Continuous export monitoring

Monitor the health of your continuous export jobs using the following export metrics:

  • Continuous export max lateness - Max lateness (in minutes) of continuous exports in the cluster. This is the time between now and the min ExportedTo time of all continuous export jobs in cluster. For more information, see .show continuous export command.
  • Continuous export result - Success/failure result of each continuous export execution. This metric can be split by the continuous export name.
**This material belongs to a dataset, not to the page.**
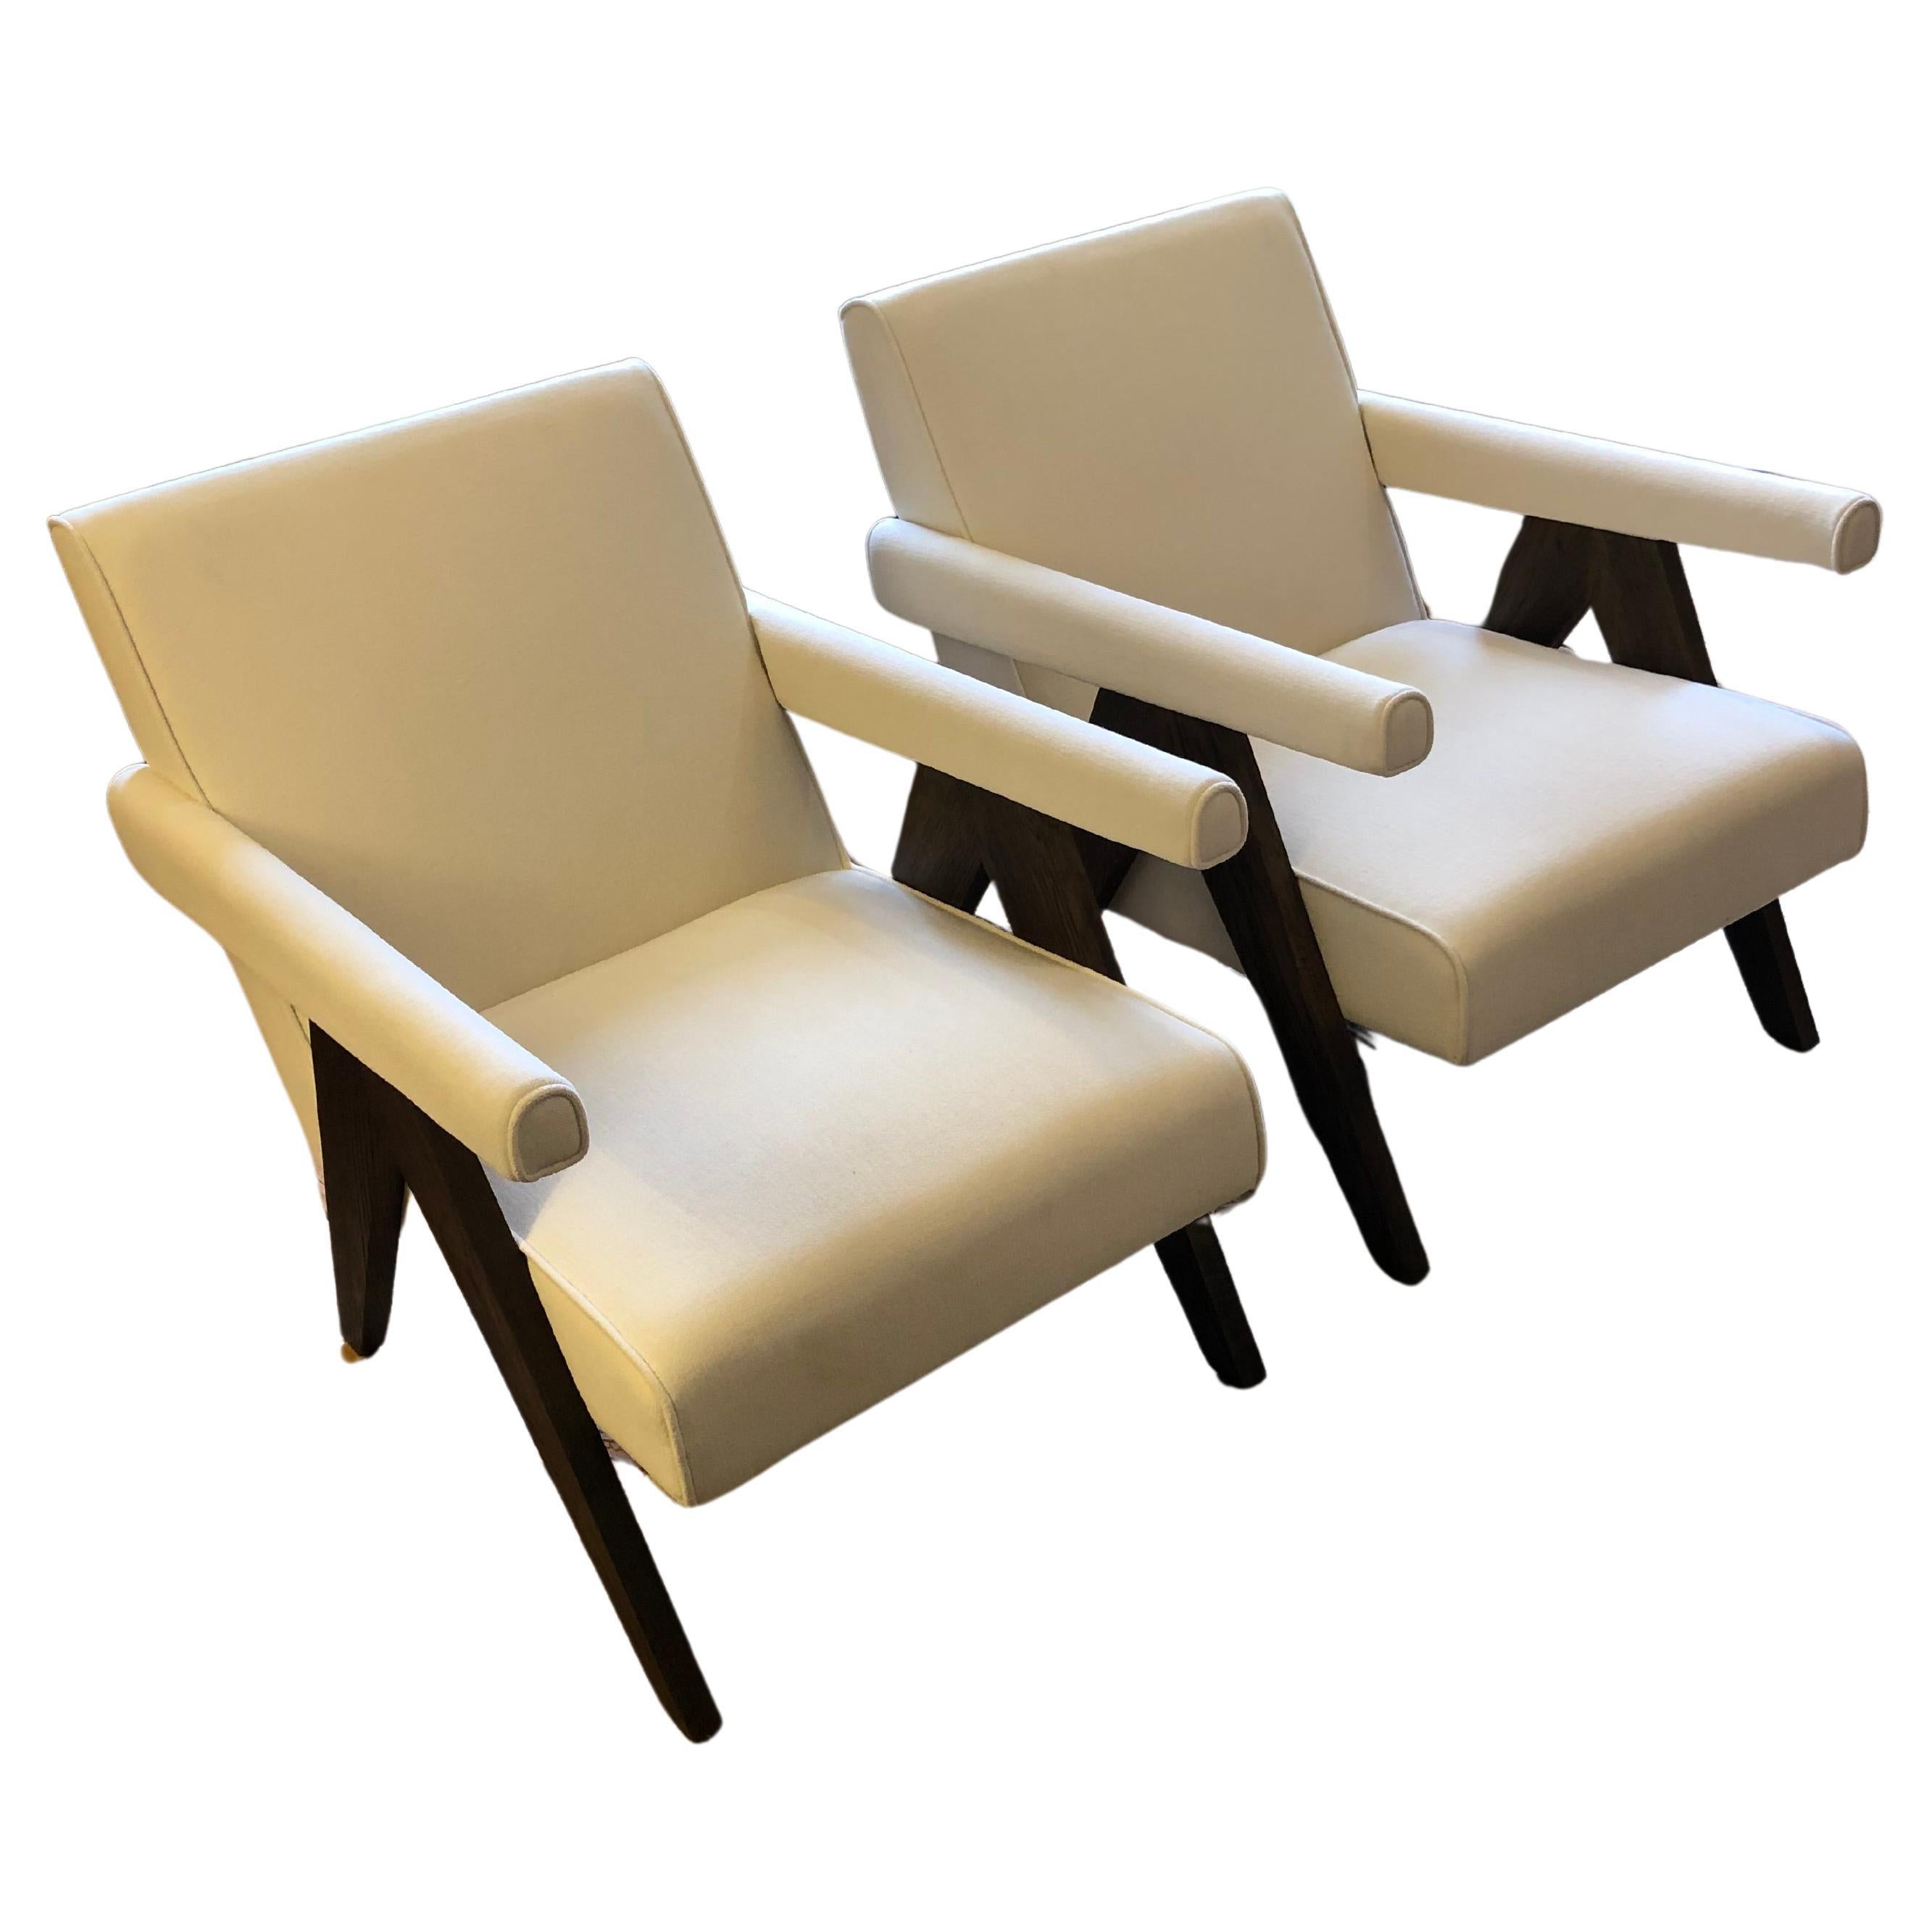 Sleek Sophisticated Upholstered Club Chairs with Walnut Legs

Use the .show continuous export failures command to see the specific failures of a continuous export job.

Warning

If a continuous export fails for over 7 days due to a permanent failure, the export will be automatically disabled by the system. Permanent errors include: external table not found, mismatch between schema of continuous export query and external table schema, storage account is not accessible. After the error has been fixed, you can re-enable the continuous export using the .enable continuous export command.

Resource consumption

  • The impact of the continuous export on the cluster depends on the query the continuous export is running. Most resources, such as CPU and memory, are consumed by the query execution.
  • The number of export operations that can run concurrently is limited by the cluster's data export capacity. For more information, see Control commands throttling. If the cluster doesn't have sufficient capacity to handle all continuous exports, some will start lagging behind.
  • The show commands-and-queries command can be used to estimate the resources consumption.
    • Filter on | where ClientActivityId startswith "RunContinuousExports" to view the commands and queries associated with continuous export.

Limitations

  • Continuous export doesn't work for data ingested using streaming ingestion.
  • Continuous export can't be configured on a table with row level security policy, or a table with restricted view access policy.
  • Continuous export cannot be created on follower databases since follower databases are read-only and continuous export requires write operations.
  • Continuous export will only work if records in source table are ingested to the table directly (either using one of the ingestion methods, using an update policy, or ingest from query commands. If records are moved into the table using .move extents or using .rename table, continuous export may not process these records. See the limitations described in the Database Cursors page.
  • Continuous export isn't supported for external tables with impersonate in their connection strings.
  • Continuous export doesn't support cross-database and cross-cluster calls.
  • Continuous export isn't designed to work over materialized views, since a materialized view may be updated, while data exported to storage is always append only and never updated.
  • Continuous export isn't designed for low-latency streaming data out of Azure Data Explorer.
  • By default, continuous export runs in a distributed mode, where all nodes export concurrently, so the number of artifacts depends on the number of nodes in the cluster.
  • If the artifacts used by continuous export are intended to trigger Event Grid notifications, see the known issues section in the Event Grid documentation.